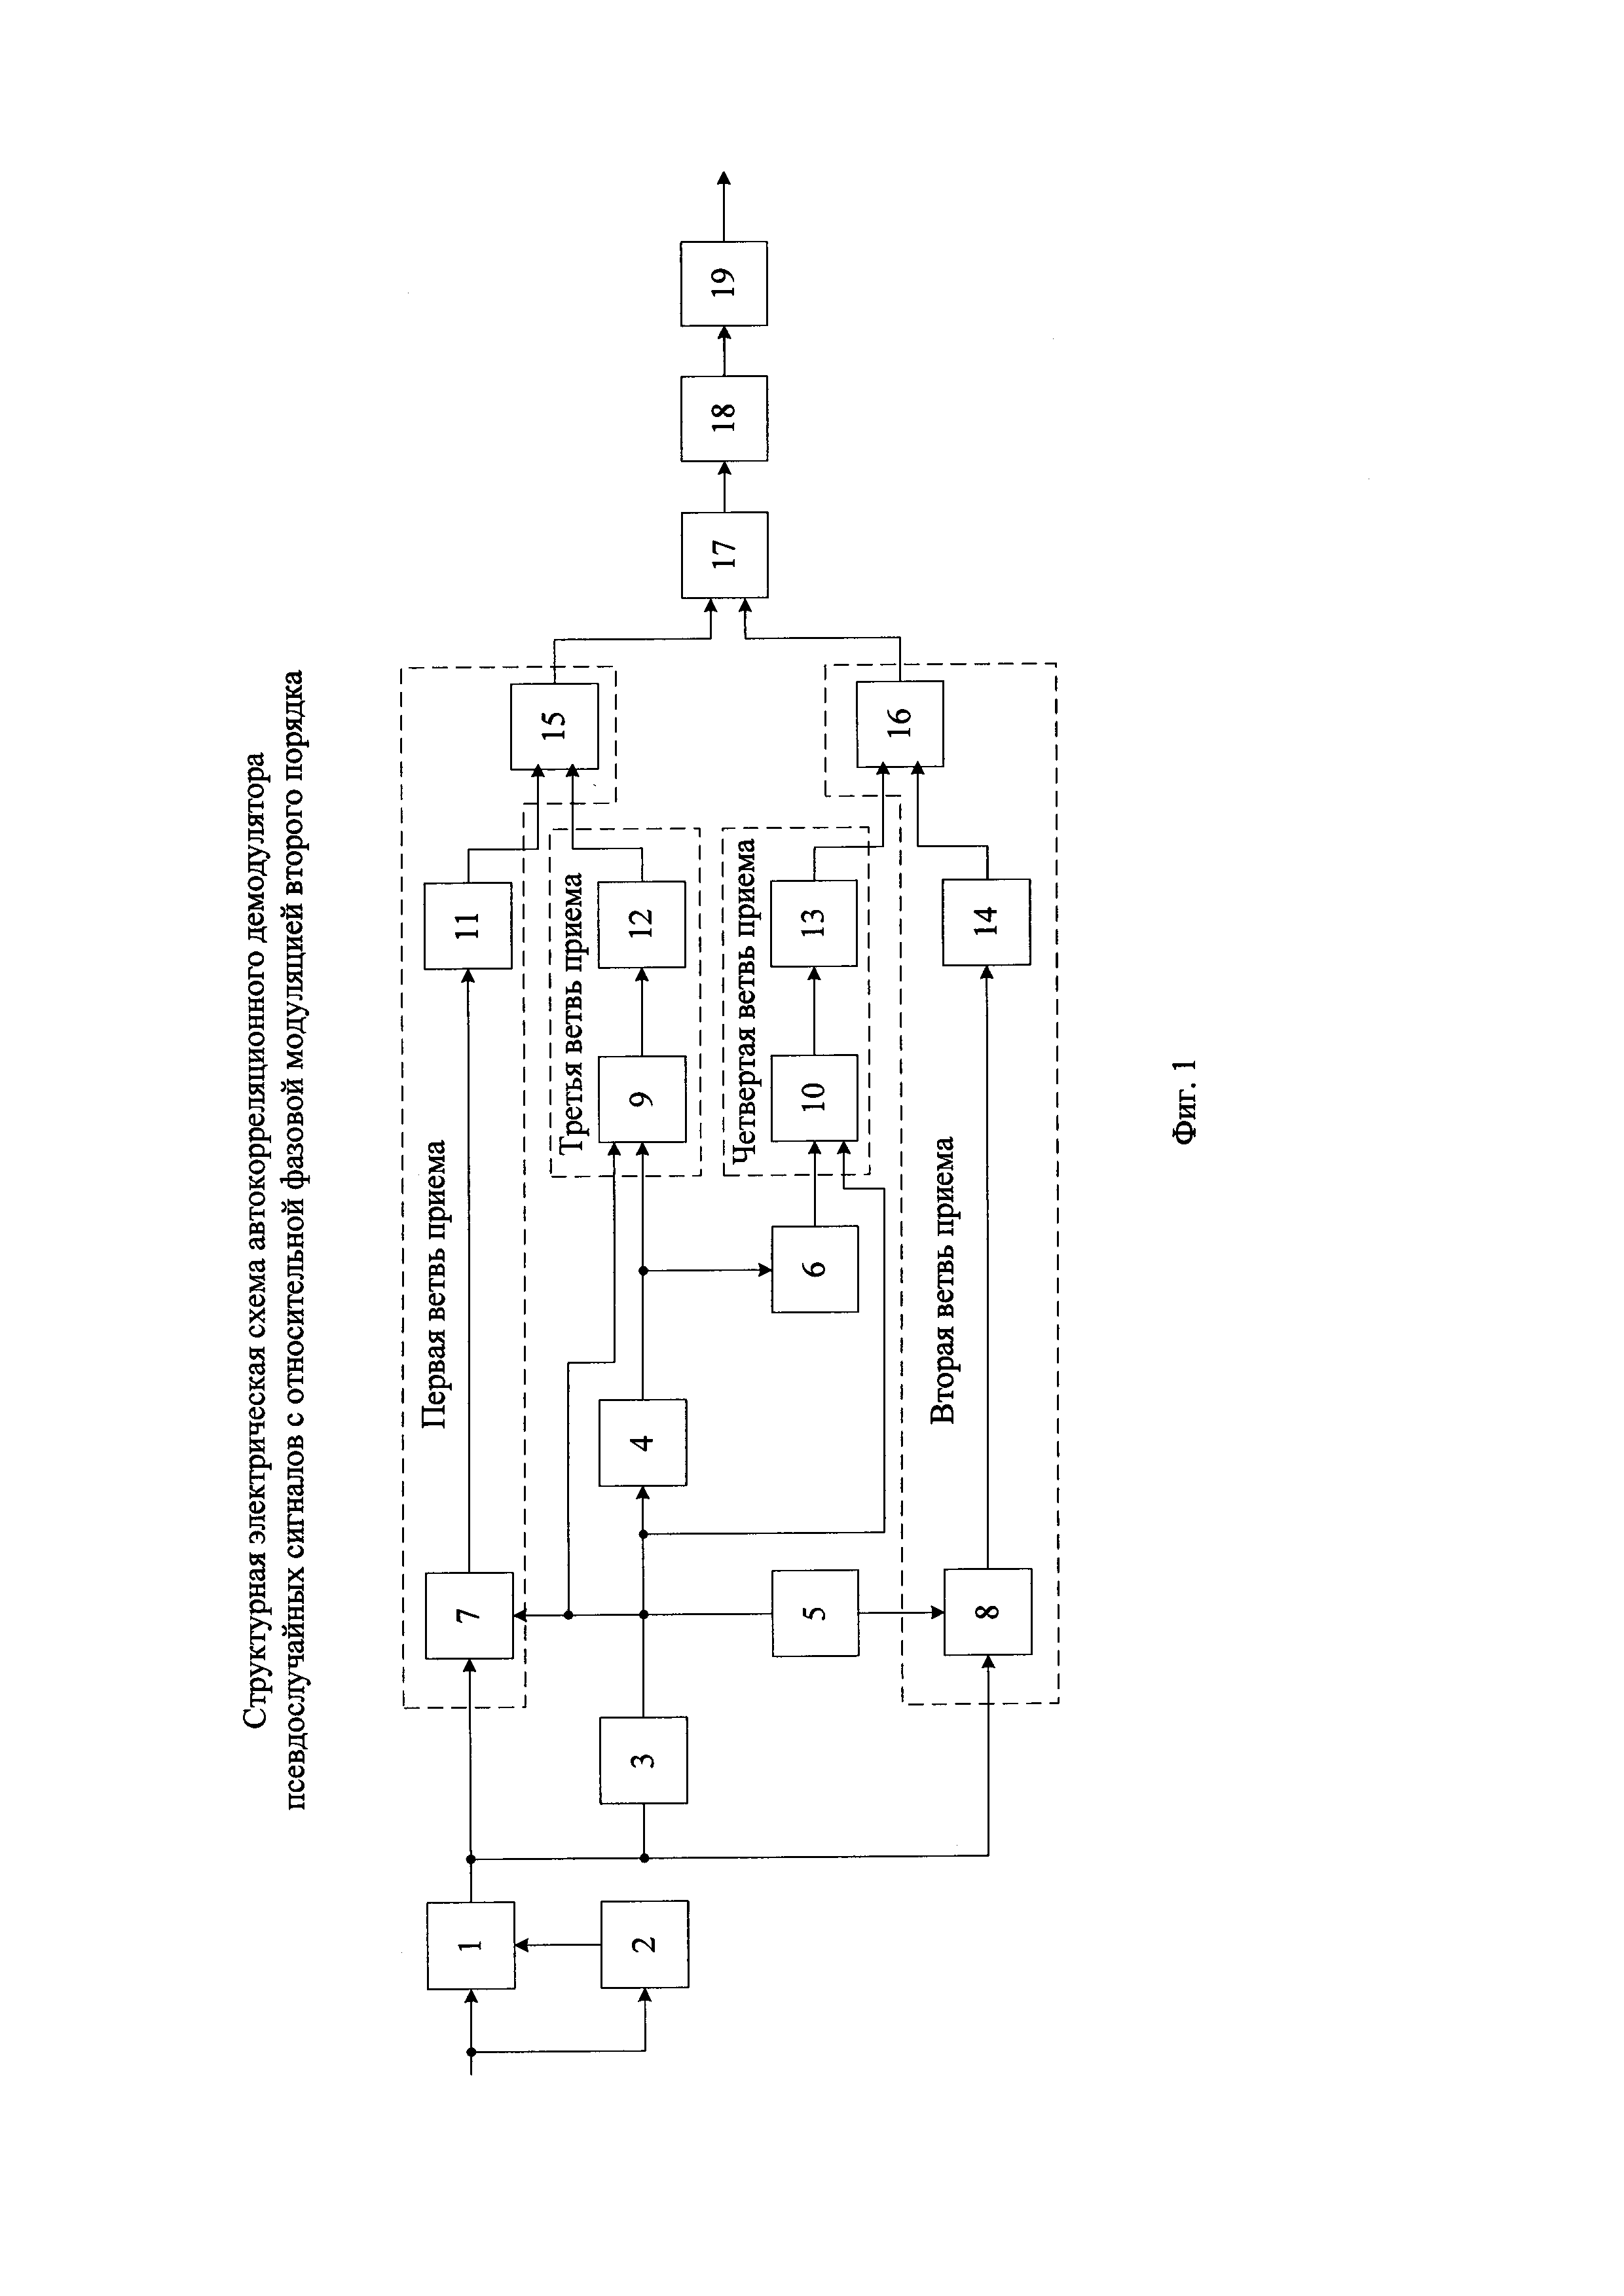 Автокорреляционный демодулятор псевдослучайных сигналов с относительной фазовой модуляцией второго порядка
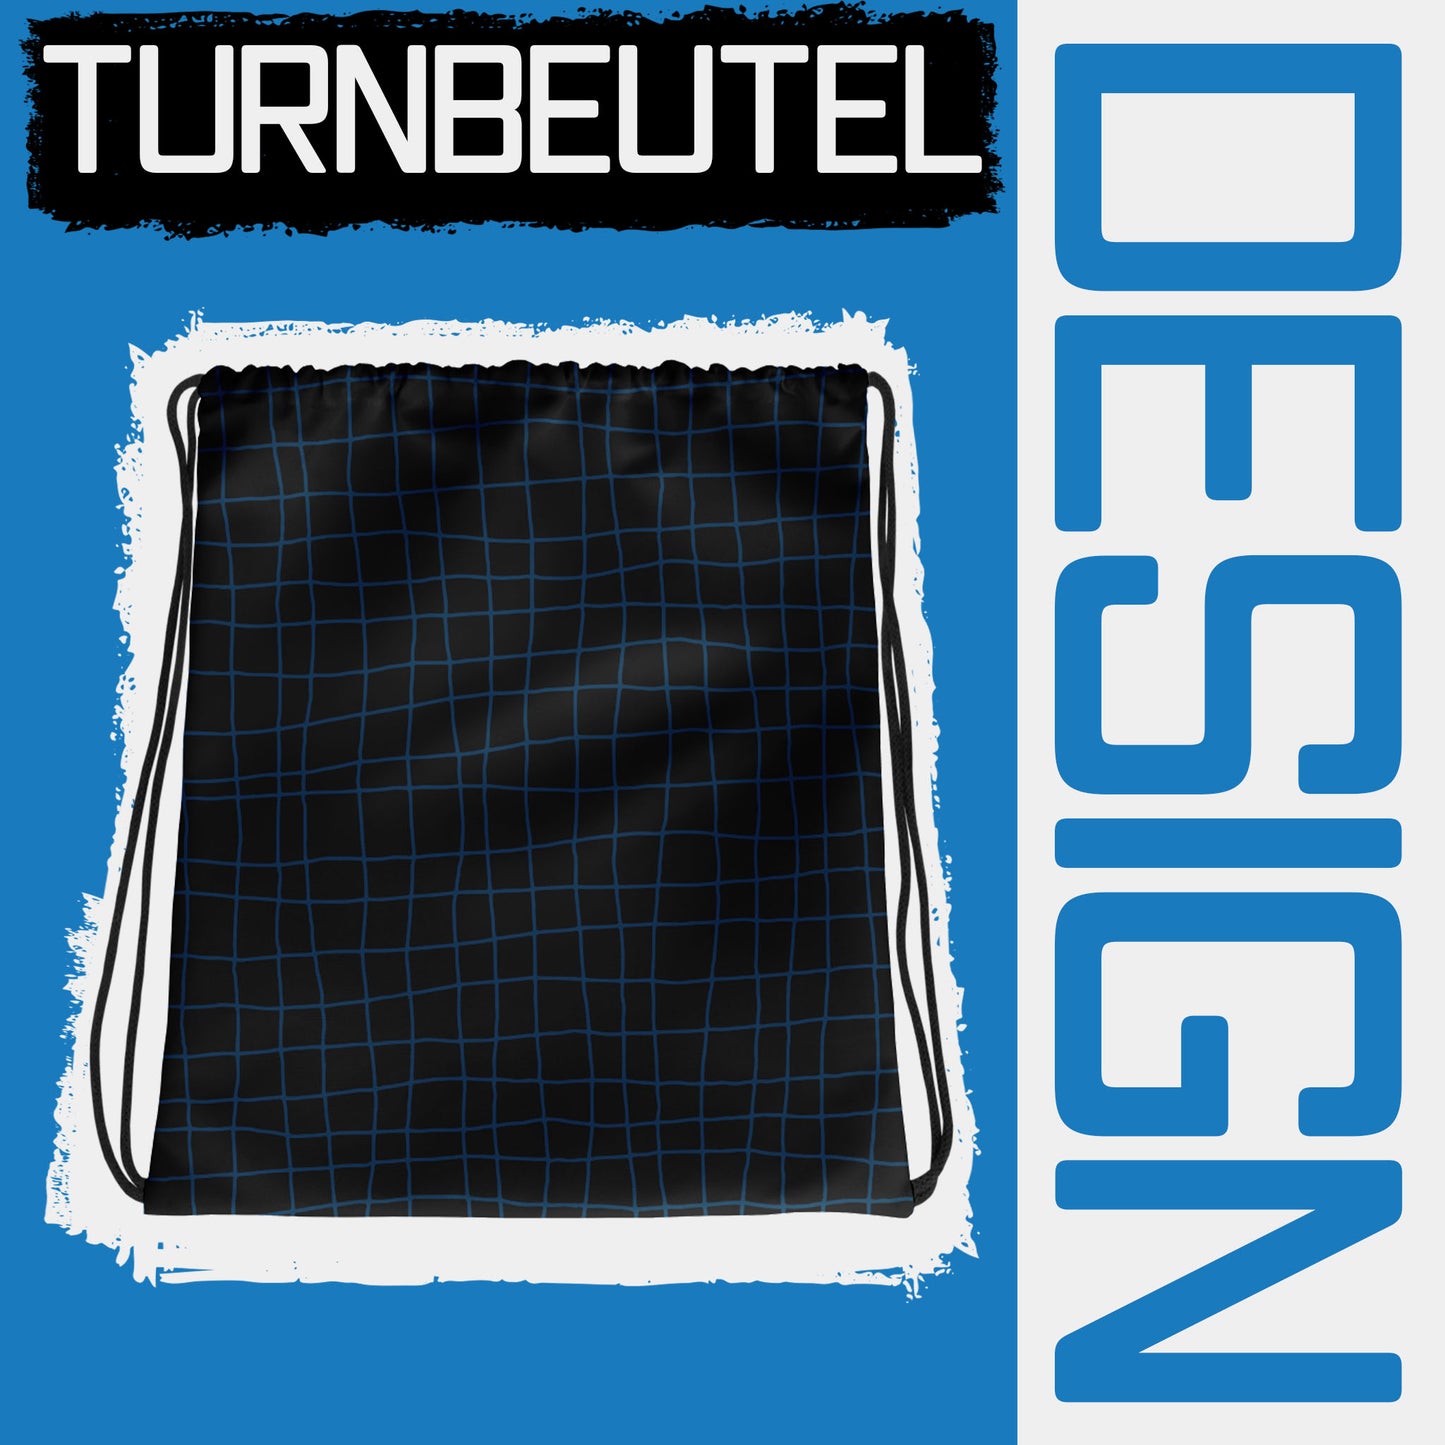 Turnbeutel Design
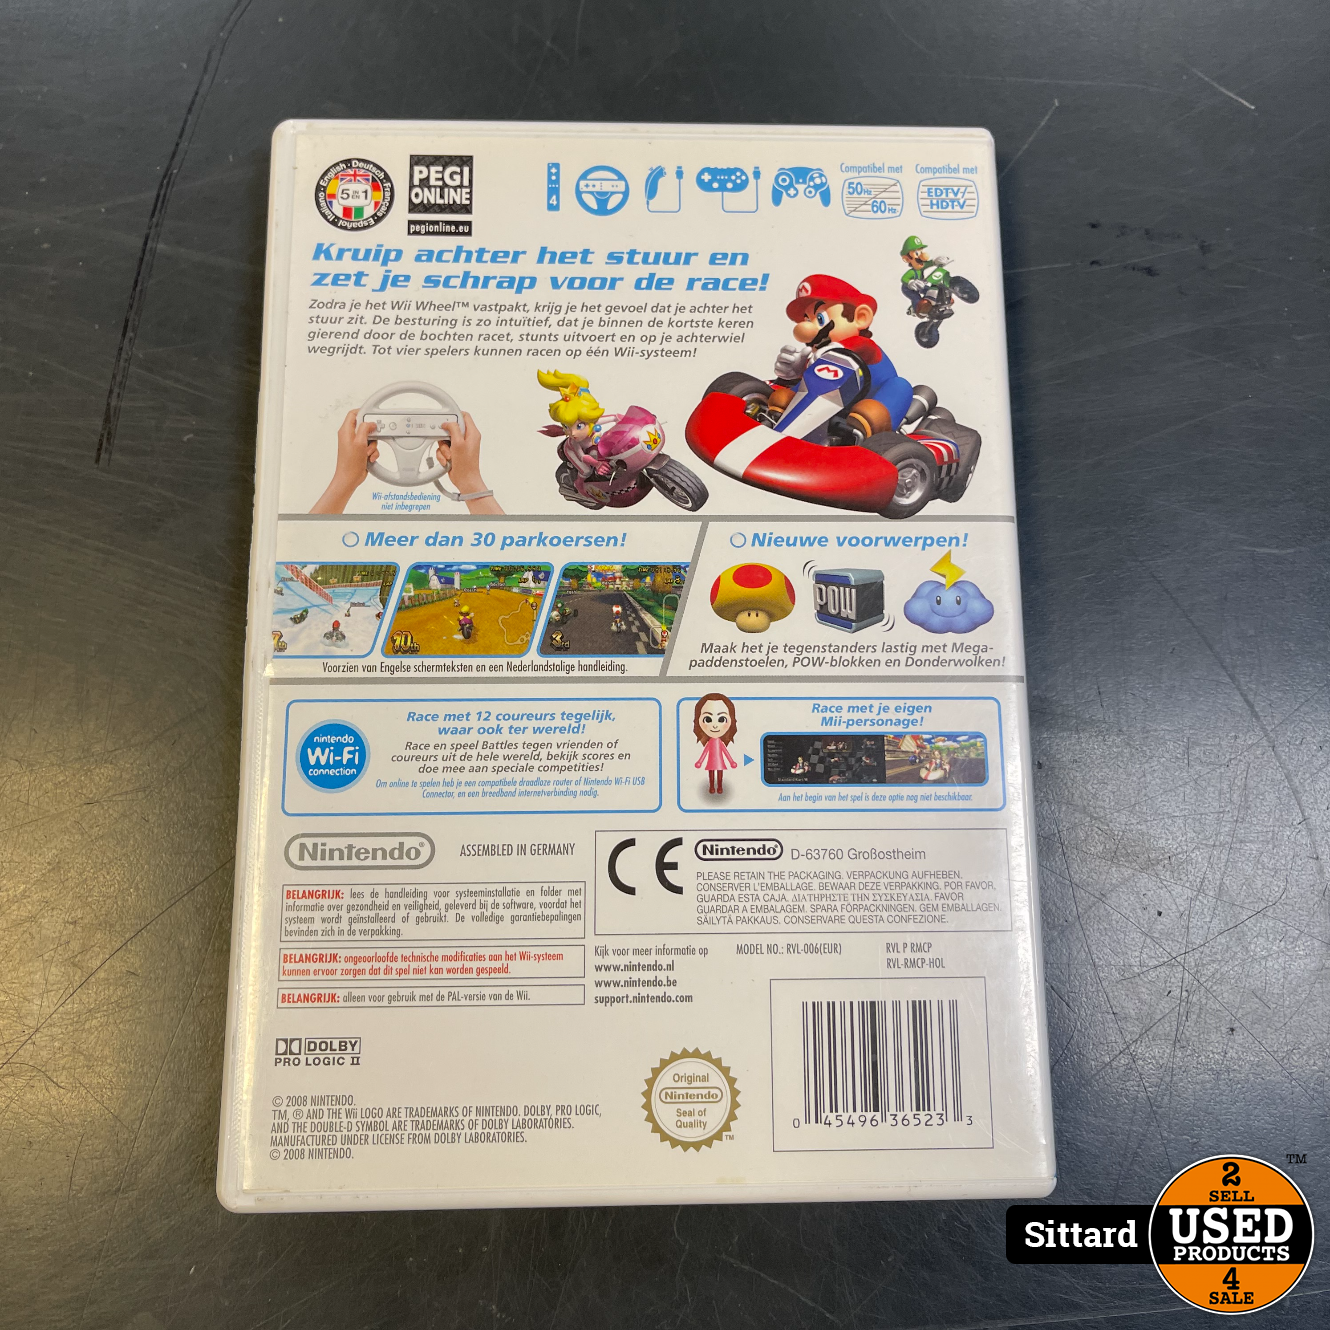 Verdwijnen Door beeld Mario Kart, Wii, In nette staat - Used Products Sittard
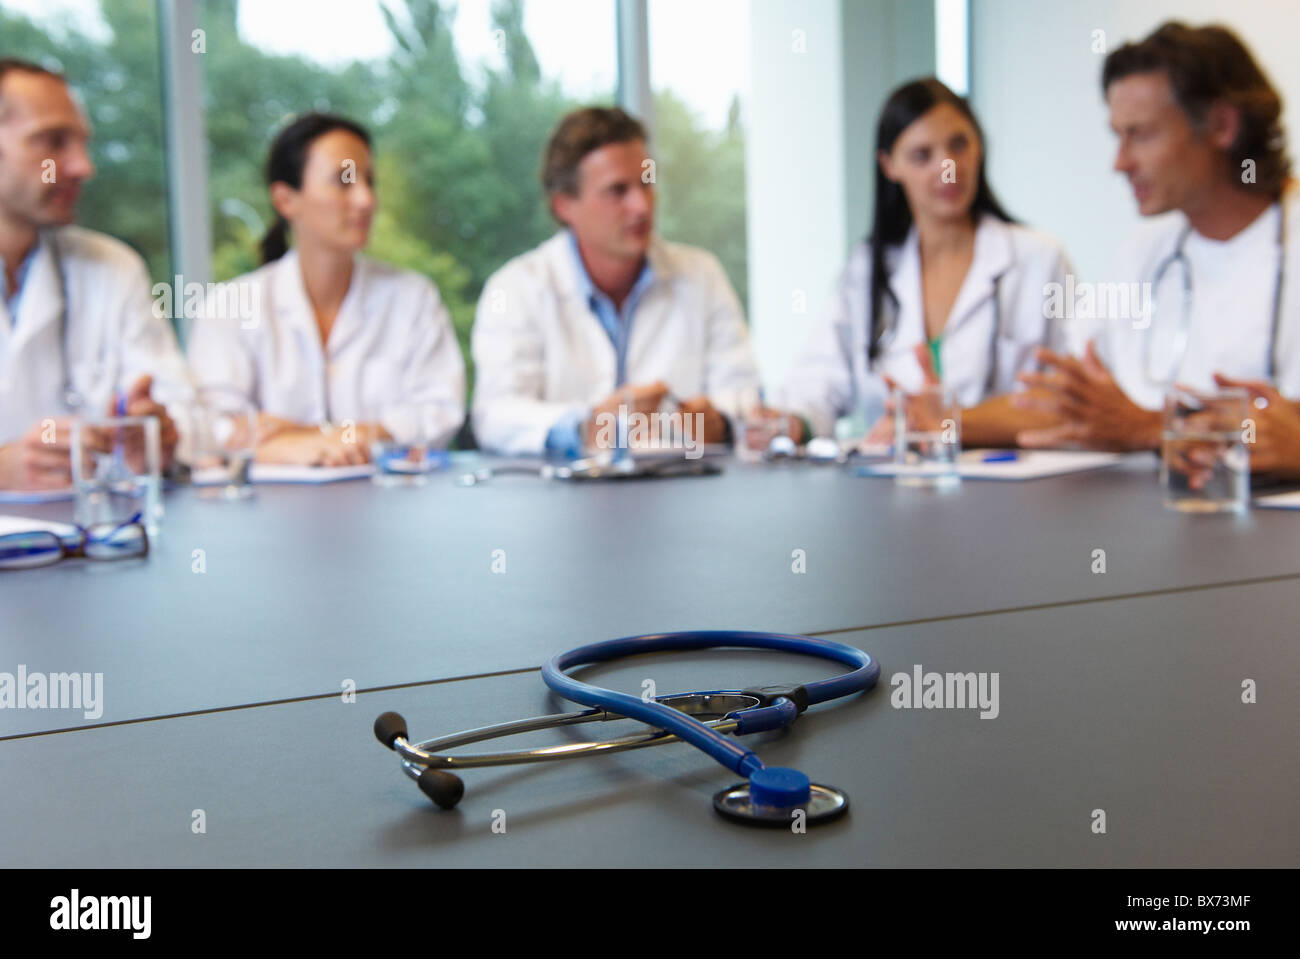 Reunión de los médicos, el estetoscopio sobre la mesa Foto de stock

══════════════════════════════

WHAT IS EXPECTED: Restate the data above word for word, omitting every picture.

EXERCISE RESULT:
 Автокорреляционный демодулятор псевдослучайных сигналов с относительной фазовой модуляцией второго порядка
 Turnbeutel Design
 Verdwijnen Door beeld Mario Kart, Wii, In nette staat - Used Products Sittard
 Reunión de los médicos, el estetoscopio sobre la mesa Foto de stock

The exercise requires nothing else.